Required columns: input_length, output_length

flavor:
  type: request_log
timed_synthetic_session (type: timed_synthetic_session)

Timed session traces with context caching:

  • Replays linear or DAG sessions using session_context

  • The first page_size tokens are guaranteed to be unique across history lineages for KV-cache diversity

  • Wait times between nodes preserved from trace

Required columns: session_id, input_length, new_input_length, output_length Topology contract: session_context with node_id, parent_nodes, history_parent, and wait_after_ready. Legacy traces without session_context are interpreted as linear sessions by row order.

flavor:
  type: timed_synthetic_session
  page_size: 16          # Token page size for prefix caching
  corpus_file: null      # Optional corpus for prompt generation
untimed_content_multi_turn (type: untimed_content_multi_turn)

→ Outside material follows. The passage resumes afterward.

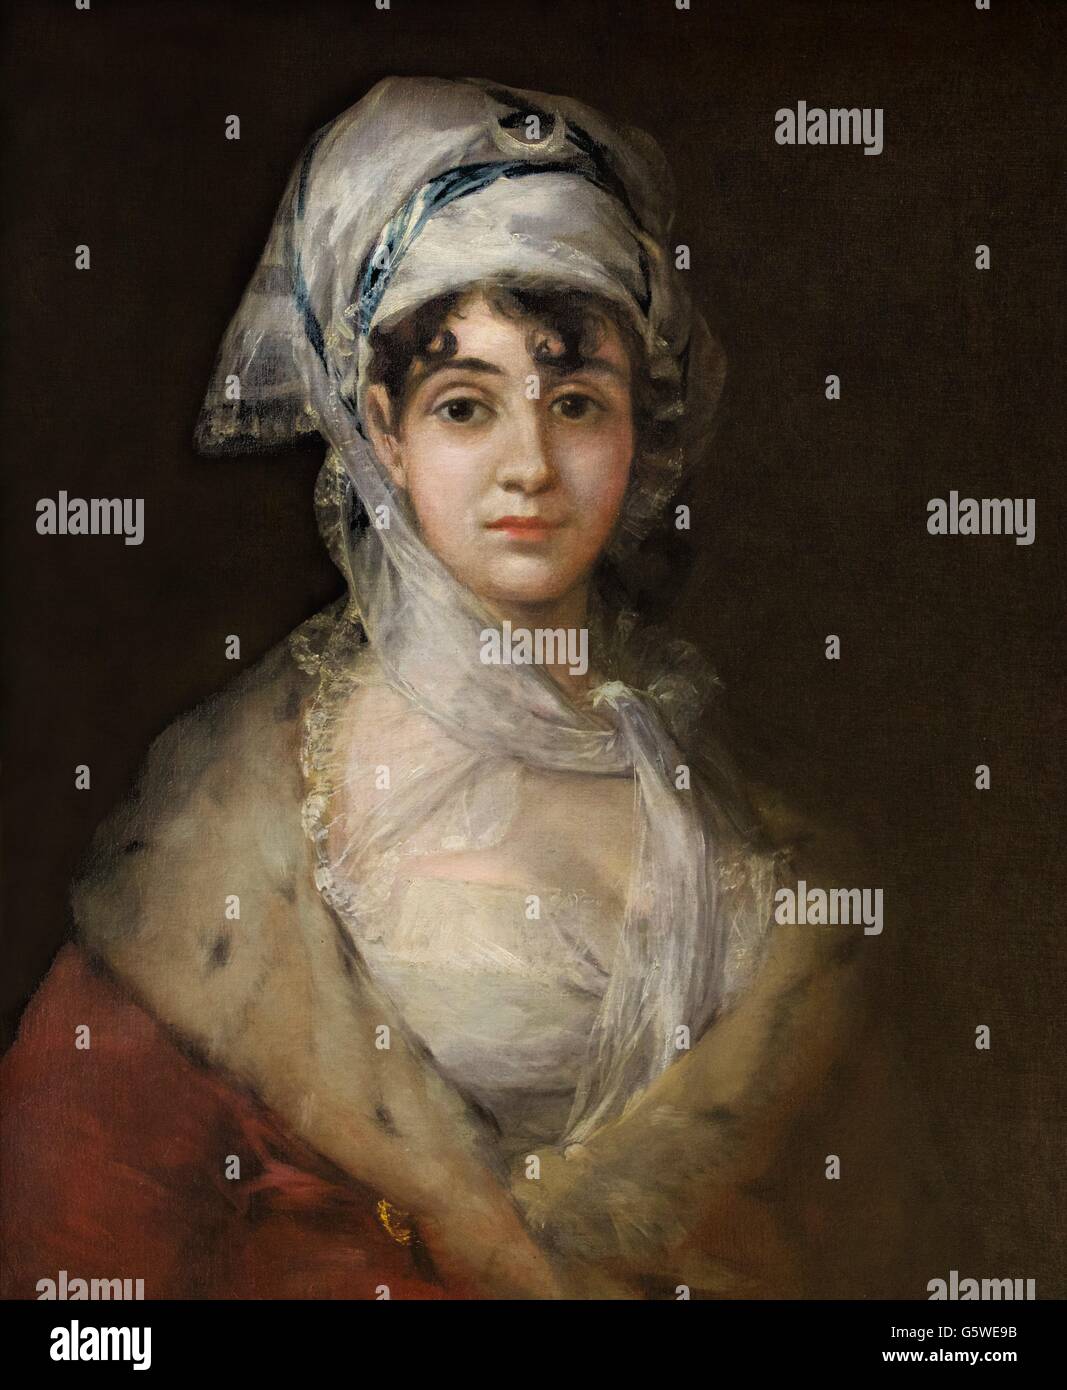 Portrait de l'actrice Antonia Zarate, par Francisco Goya, circa 1810-1811. Musée d'état de l'Ermitage, Saint-Pétersbourg, Russie Banque D'Images

Replay datasets with actual conversation content (ShareGPT, LMSYS-Chat, etc.):

  • Each row contains a full conversation with real message text

  • Turns are split into individual requests with pre-populated history

  • No timestamps — history is pre-populated from the dataset

  • Configurable message schema (role/content keys, role value mappings)

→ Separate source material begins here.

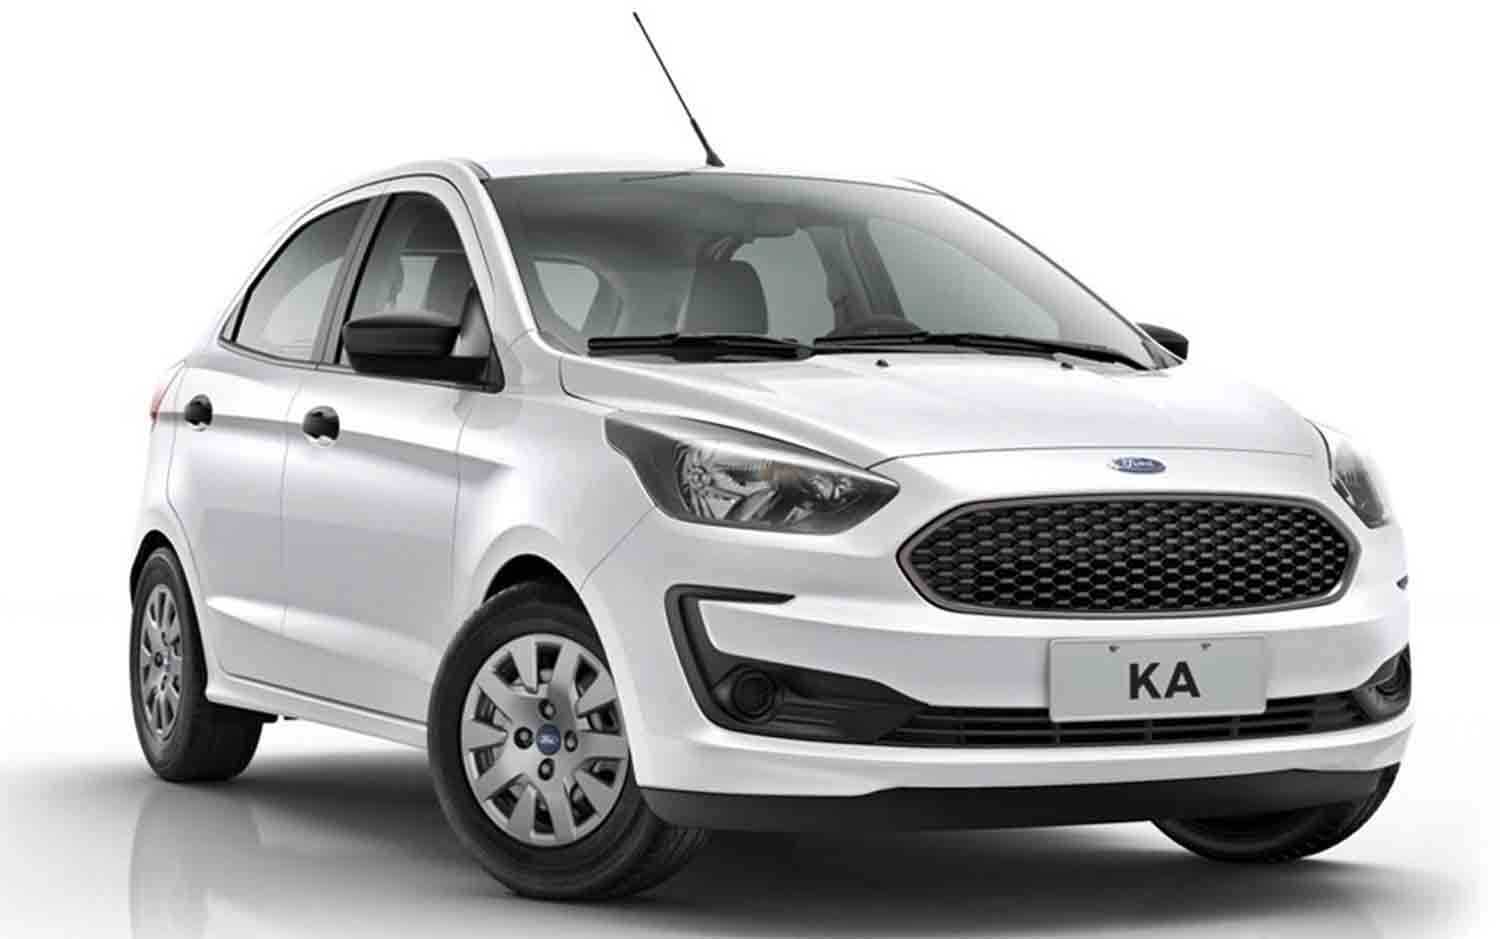 Black Friday Ford: Ka Hatch 1.0 S pode ser adquirido com entrada de R$9.900 e 60 parcelas de R$915. Foto: Divulgação

Required columns: conversations (configurable via conversation_column)

flavor:
  type: untimed_content_multi_turn
  conversation_column: conversations  # Column with message list
  role_key: from                      # Key for role in each message
  content_key: value                  # Key for content in each message
  user_role_value: human              # Value indicating user messages
  assistant_role_value: gpt           # Value indicating assistant messages
rag (type: rag)

Retrieval-Augmented Generation workload traces:

  • Single-turn requests (one request per session)

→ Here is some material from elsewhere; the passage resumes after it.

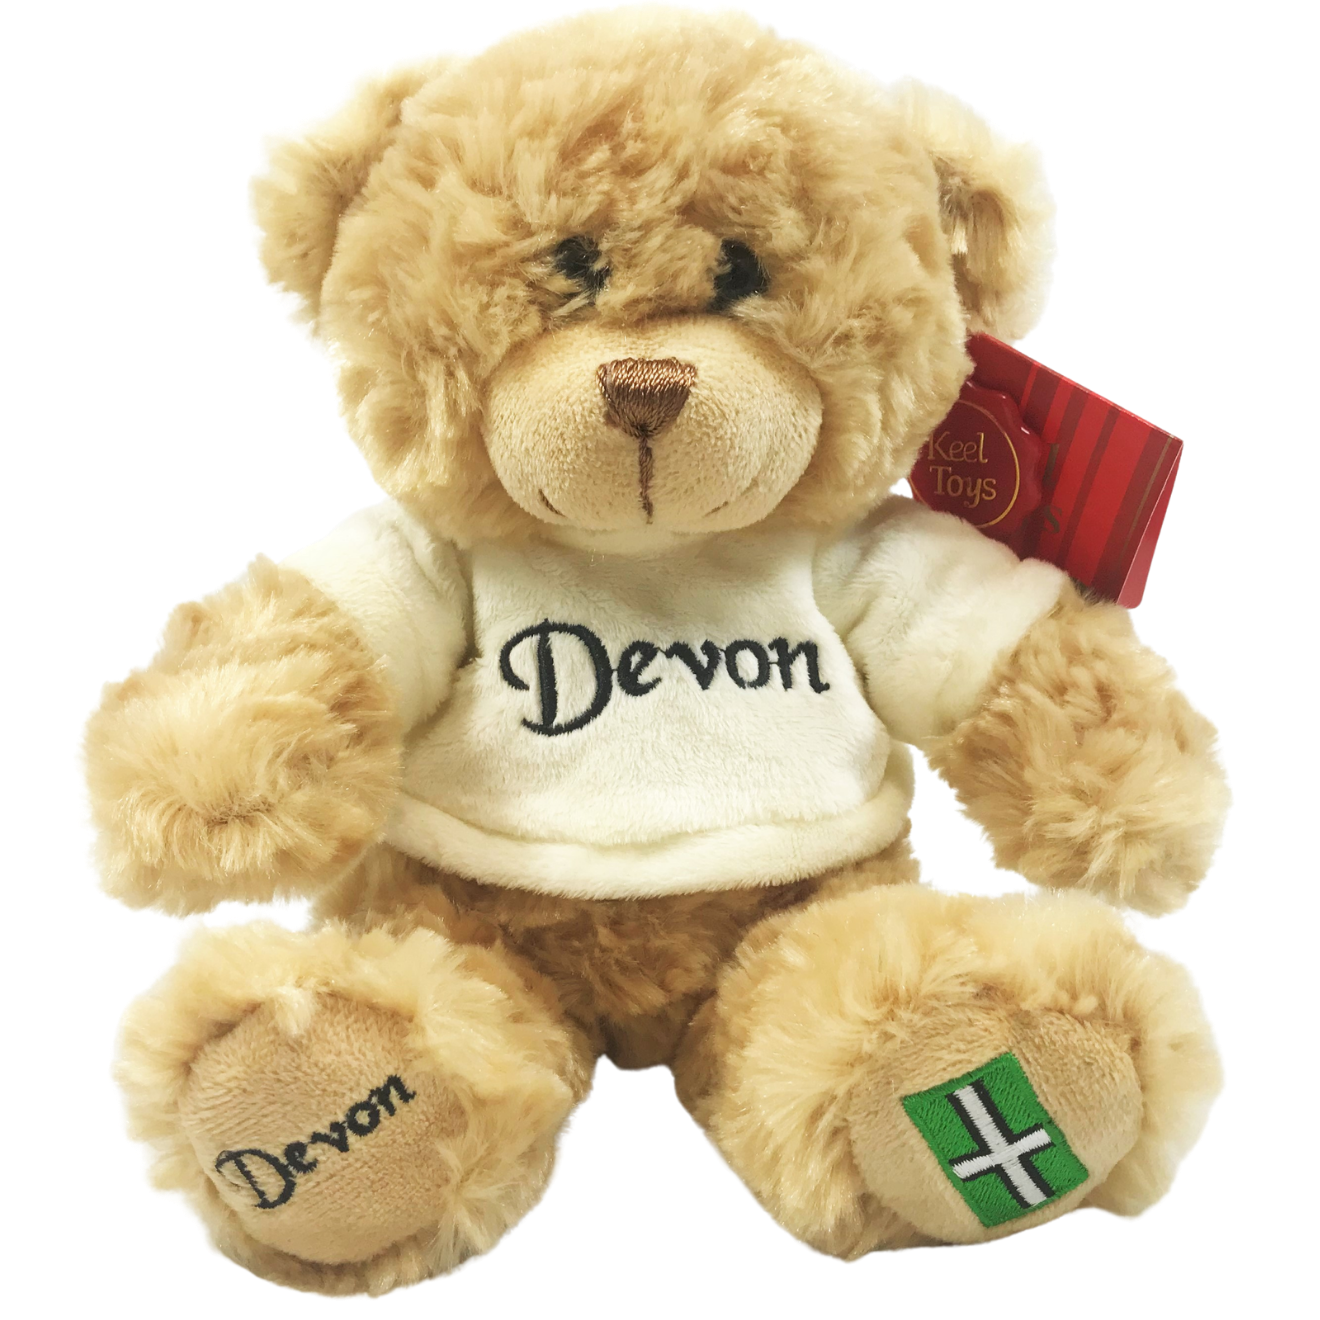 18cm Devon Teddy Bear

  • Document-based filtering by frequency

  • Warmup sessions to pre-populate document cache

  • Suitable for testing prefix caching with shared documents

Required columns: doc_id, prompt_text, input_length, output_length

flavor:
  type: rag
  num_documents: 10      # Use top N most frequent documents
shared_prefix (type: shared_prefix)

Shared-prefix conversation traces:

  • Multi-turn conversations with hash-based prompt generation

  • Uses hash_ids to reconstruct shared prefixes deterministically

  • Privacy-safe (no real text in trace)

Required columns: session_id, hash_ids, new_input_length, output_length

Wrap mode

When wrap_mode: true (default), the trace loops indefinitely:

session_generator:
  type: trace
  trace_file: traces/production.jsonl
  wrap_mode: true    # Loop through trace when exhausted

On wrap, traces are reshuffled to provide different orderings. This enables running benchmarks longer than the trace duration while maintaining realistic content distributions.

Output length control

Veeksha supports flexible output length control:

Server-side (preferred when supported):

client:
  max_tokens_param: max_completion_tokens
  min_tokens_param: min_tokens

The generator sets both max_tokens and min_tokens to the target, forcing exact output lengths when the server supports it.

Prompt-based fallback:

client:
  use_min_tokens_prompt_fallback: true

Appends instructions like “Generate exactly 150 tokens” to the prompt. Less reliable but works with servers lacking min_tokens support.

Tip

For accurate benchmarks, use a server that supports min_tokens to control output lengths precisely.